Cancer development represents a specific set of molecular changes within a dysregulated cell leading to abnormal proliferation where epigenetics plays a role by influencing changes in gene expression [7377]. This is an expanding area where global cellular and/or viral changes including hypomethylation and hypermethylation are being investigated as diagnostic tools for detection of cervical precancerous lesions [47,7881]. Determining methylation levels on HR-HPV genomes has the potential to detect precancerous lesions with higher specificity than HPV testing alone [26]. As HR-HPV infections remain widespread among females worldwide, triage of these same women should be based on risk stratification ideally using the clinical sample in which HR-HPV was detected in a sequential testing strategy [82]. Ongoing efforts will continue to require large prospective clinical studies to validate sensitivity, specificity, positive and negative predictive values for new techniques such as NGS that have been shown to be accurate and are becoming more cost-effective, where computational advances allow for increased sensitivity and depth of sequencing [83]. Further research on how changes in the viral and host methylome are associated with cervical cancer development should provide mechanistic insights facilitating prevention and treatment [74,81].

Methylation of CpG sites within viral and cellular gene promoter regions can lead to alterations in gene expression [84], as well as predicting risk of precancerous lesions. These markers provides value to distinguish women with benign HPV infection from those requiring potentially immediate management by increasing the specificity of molecular assays for high-grade disease detection and increased risk of cervical cancer development [85]. Furthermore, the fact that CpG methylation states appear stable makes them suitable for longitudinal studies [73,86]. Currently, there is wide variability in terms of assays performed, the viral/host genes targeted combined with the need for reproducibility studies amongst different methods and cohorts [47,73,7882]. Thus, there is currently no consensus on which host gene methylation profiles should be evaluated and whether these will develop into molecule tests with sufficient predictive values. This precludes current recommendations or insights on how to use host methylation as a cervical cancer biomarker for early detection of precancerous lesions [85].

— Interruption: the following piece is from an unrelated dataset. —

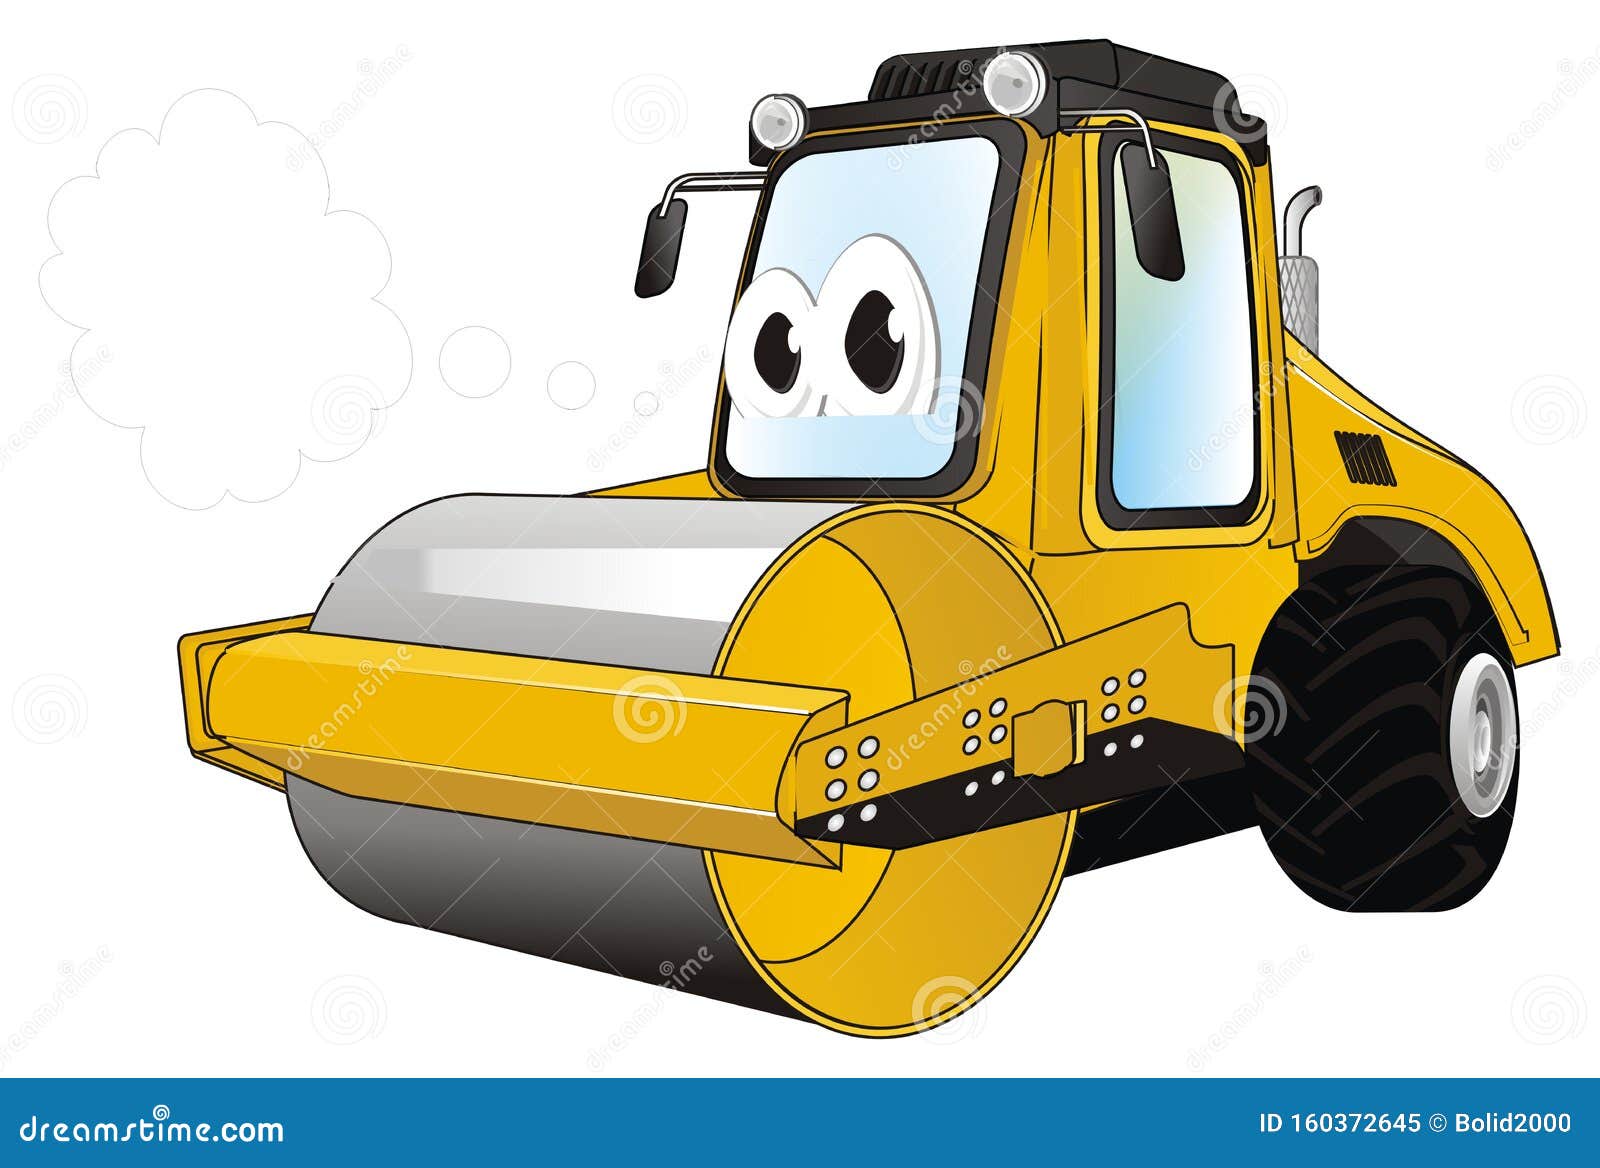 Funny Road Roller With Footnote Illustration 160372645 - Megapixl

Identification of additional biomarkers in the era of very sensitive HR-HPV DNA tests will require higher specificity and increased positive predictive value for high-grade disease. These characteristics have not yet been achieved for HR-HPV women using methylation levels for host gene targets. Nonetheless, there is potential for use of methylation as a reflex panel of tests (viral and/or cellular) that would provide improved risk stratification for triage of women with HR-HPV infections [80,87]. As an example, there is increasing evidence towards CDKN2A (cyclin-dependent kinase inhibitor 2A, gene encoding p16) as a “candidate” showing differential levels of methylation between low-grade CIN and high-grade CIN [81]. These considerations still require proper evaluation and validation for future applications.

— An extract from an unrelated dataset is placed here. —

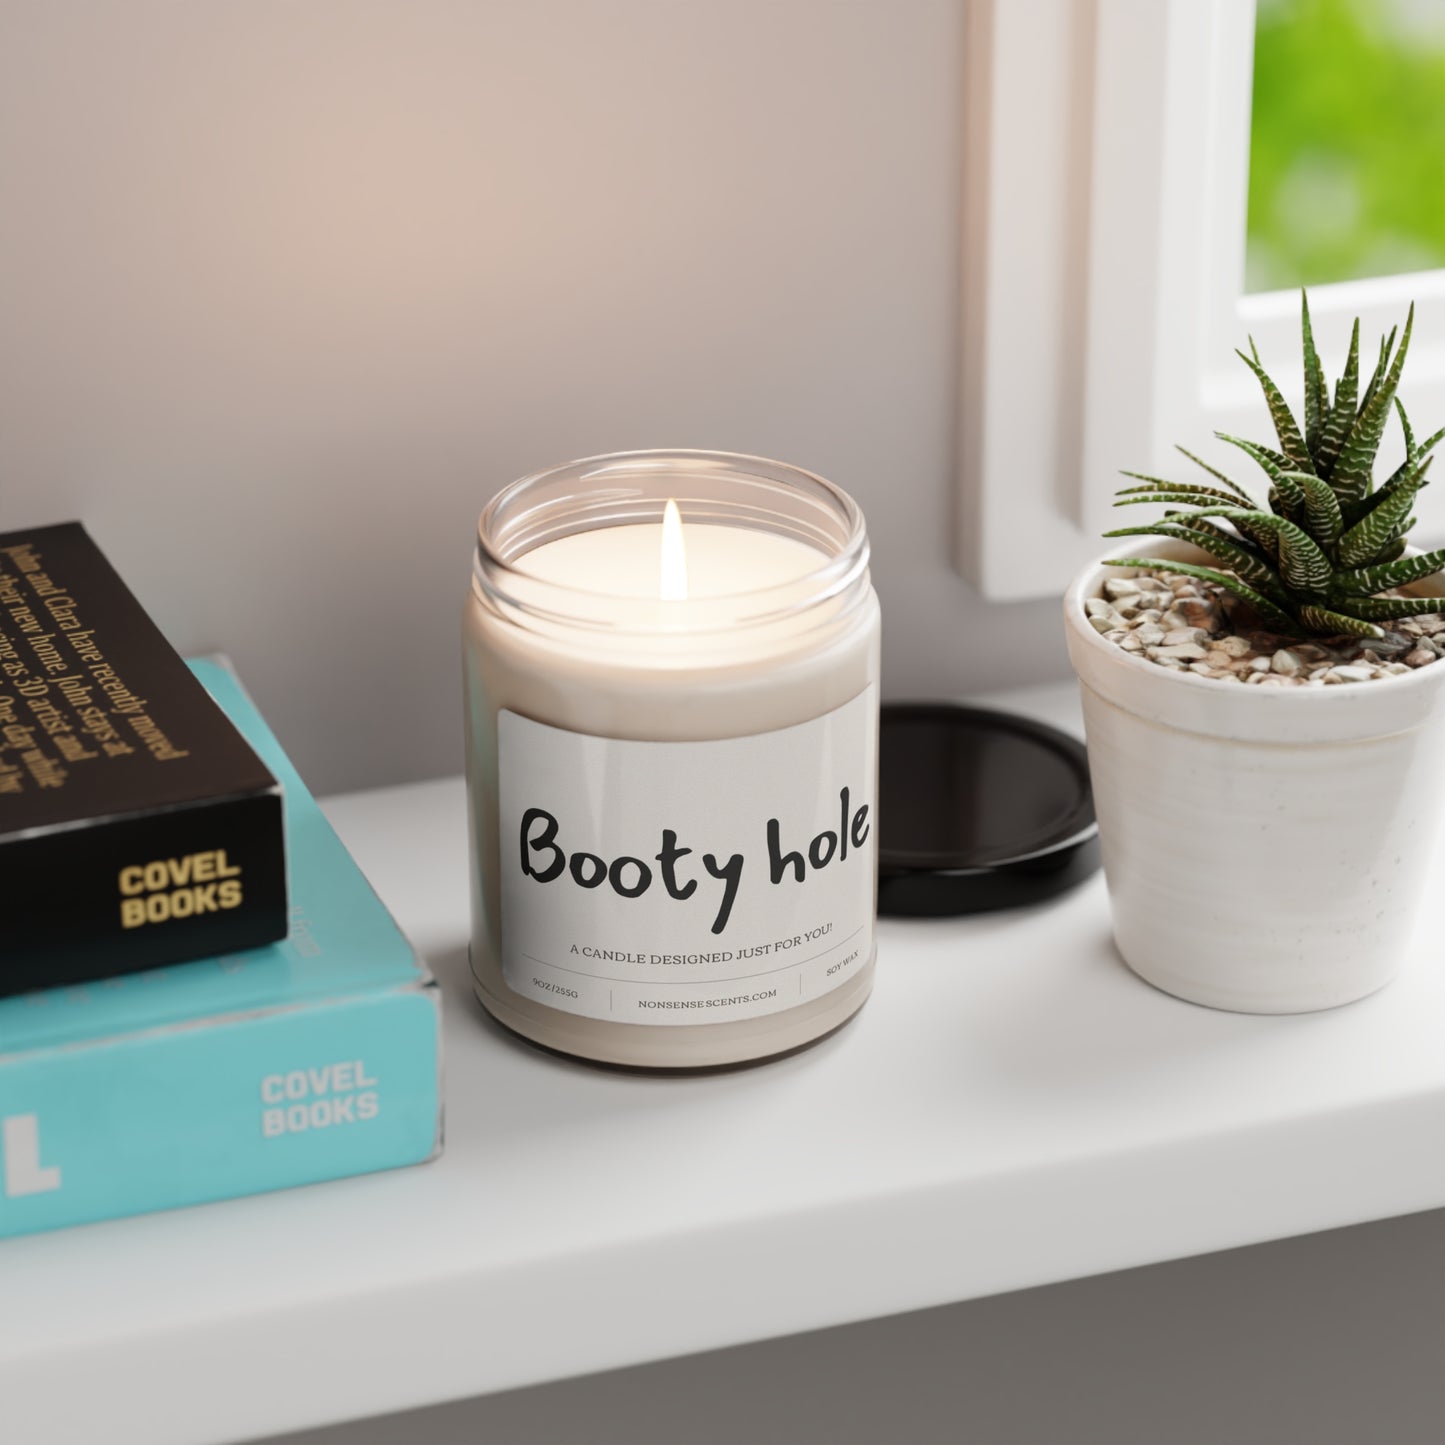 "Booty Hole" Scented Candle

Nevertheless, quantitative individual CpG site methylation levels within the viral late/capsid genes have been repeatedly demonstrated to be associated with cervical cancer development in women infected by HPV16 [44,47,54,80,84]. Sequencing of small fragments of bisulfite-converted HPV DNA using NGS platforms provides highly informative quantitative measurements of single CpG site methylation levels that are associated with disease status [81,83,87]. The extension of this association to other HR-HPV types looks promising, but it has been difficult to study due to the lower prevalence of HR-HPV types other than HPV16 [8890]. NGS techniques applied to the determination of single CpG site methylation levels leverages the high throughput potential and strengths of the method including accuracy, sequencing depth, normalization, scaling and reproducibility; also, it may be adapted to partial or full automation [83].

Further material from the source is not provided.